▶ Task objective
Transcribe the listing verbatim, please, with images dropped.

▶ Given data
* * * *

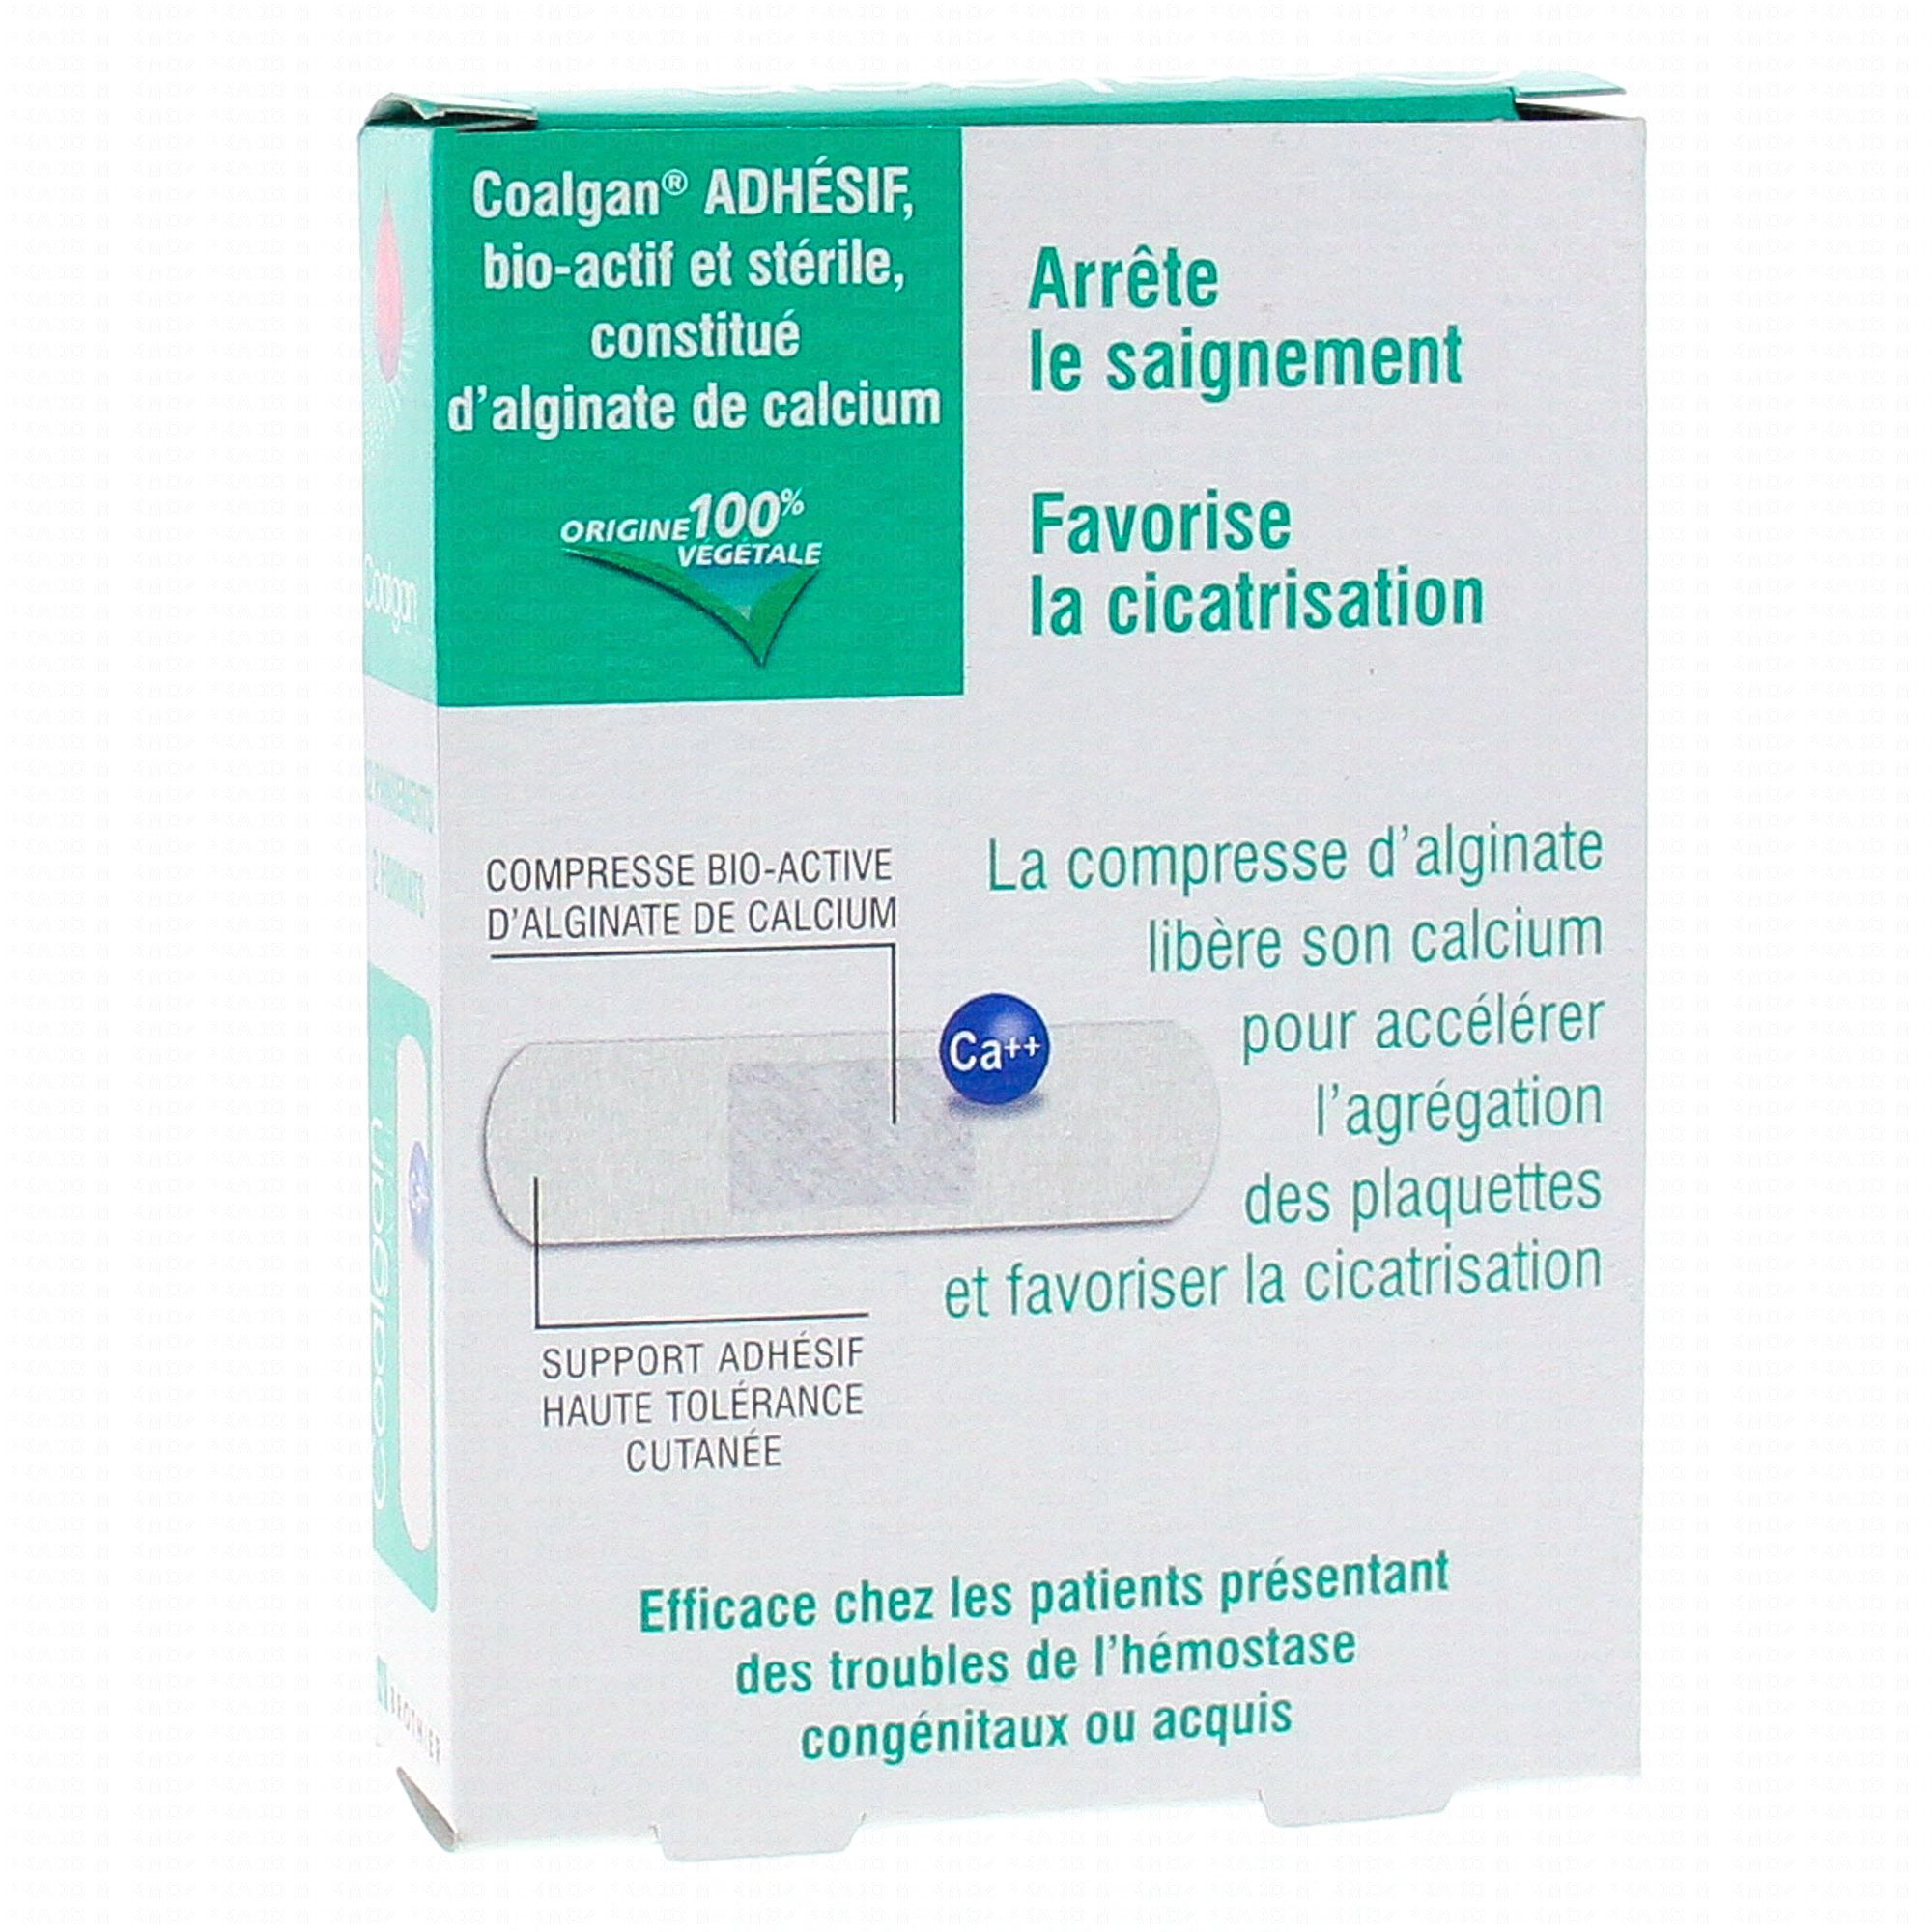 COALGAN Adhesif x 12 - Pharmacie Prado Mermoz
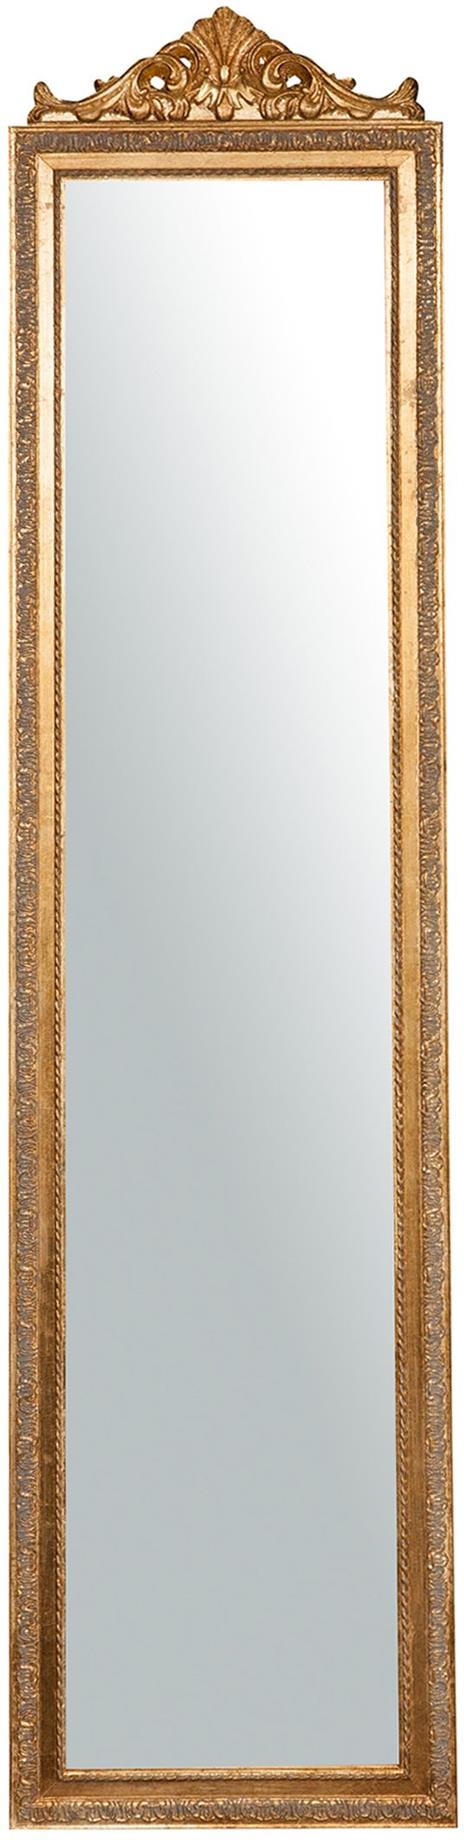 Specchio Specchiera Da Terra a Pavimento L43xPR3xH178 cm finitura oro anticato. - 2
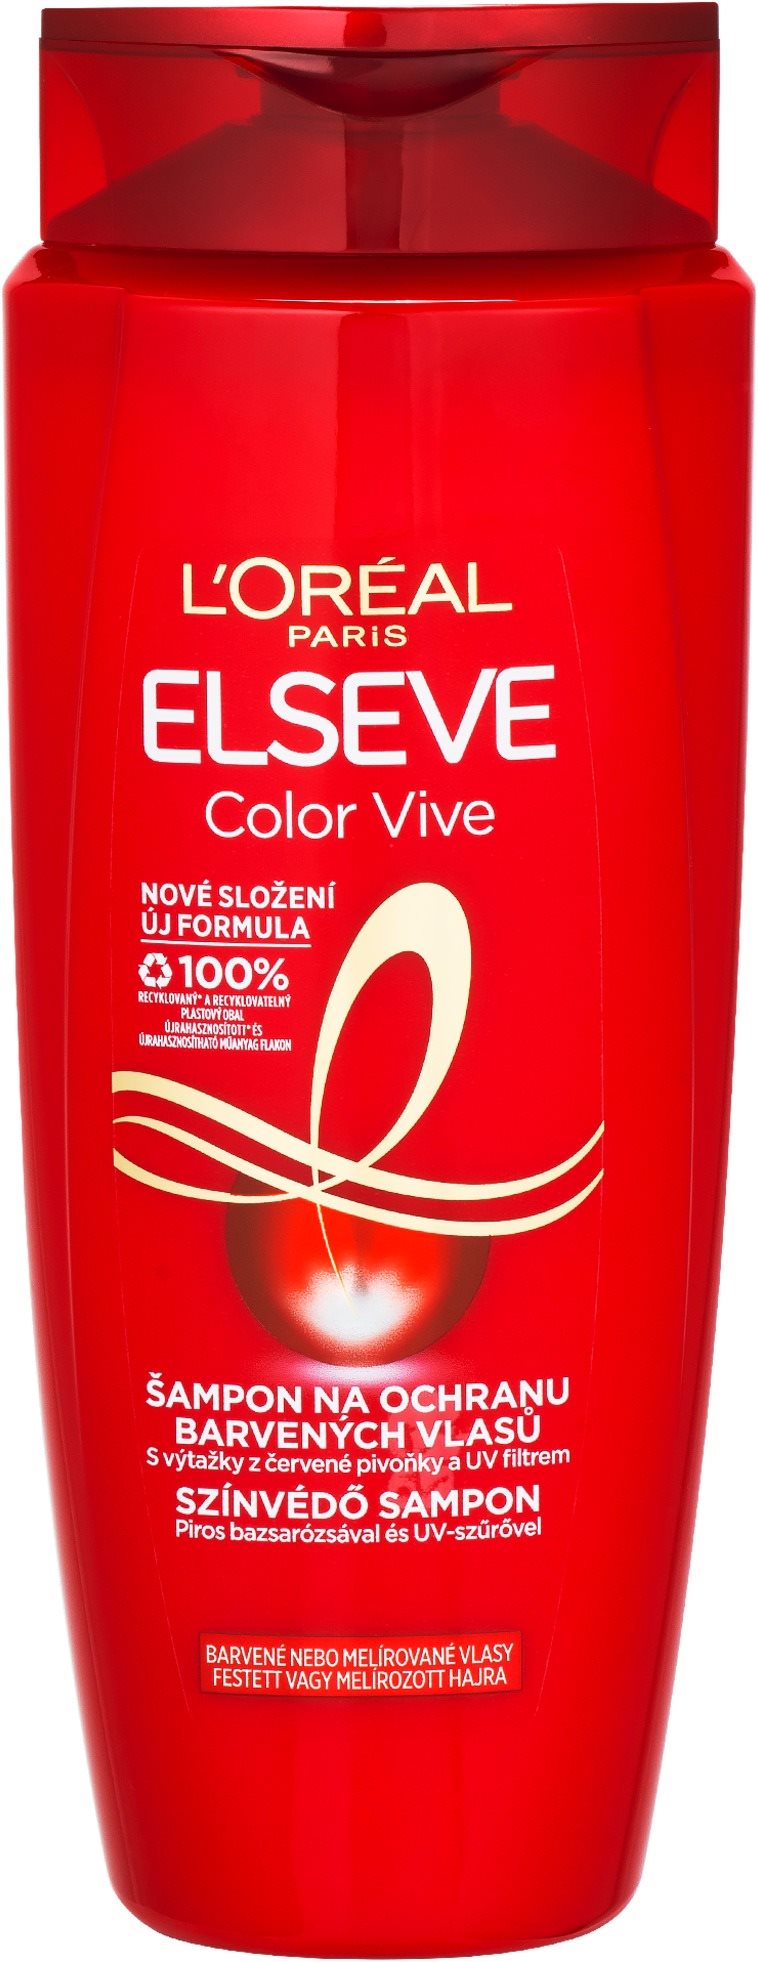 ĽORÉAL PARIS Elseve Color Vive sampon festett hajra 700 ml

* * * *

▶ Written response
 COALGAN Adhesif x 12 - Pharmacie Prado Mermoz
 Specchio Specchiera Da Terra a Pavimento L43xPR3xH178 cm finitura oro anticato. - 2
 ĽORÉAL PARIS Elseve Color Vive sampon festett hajra 700 ml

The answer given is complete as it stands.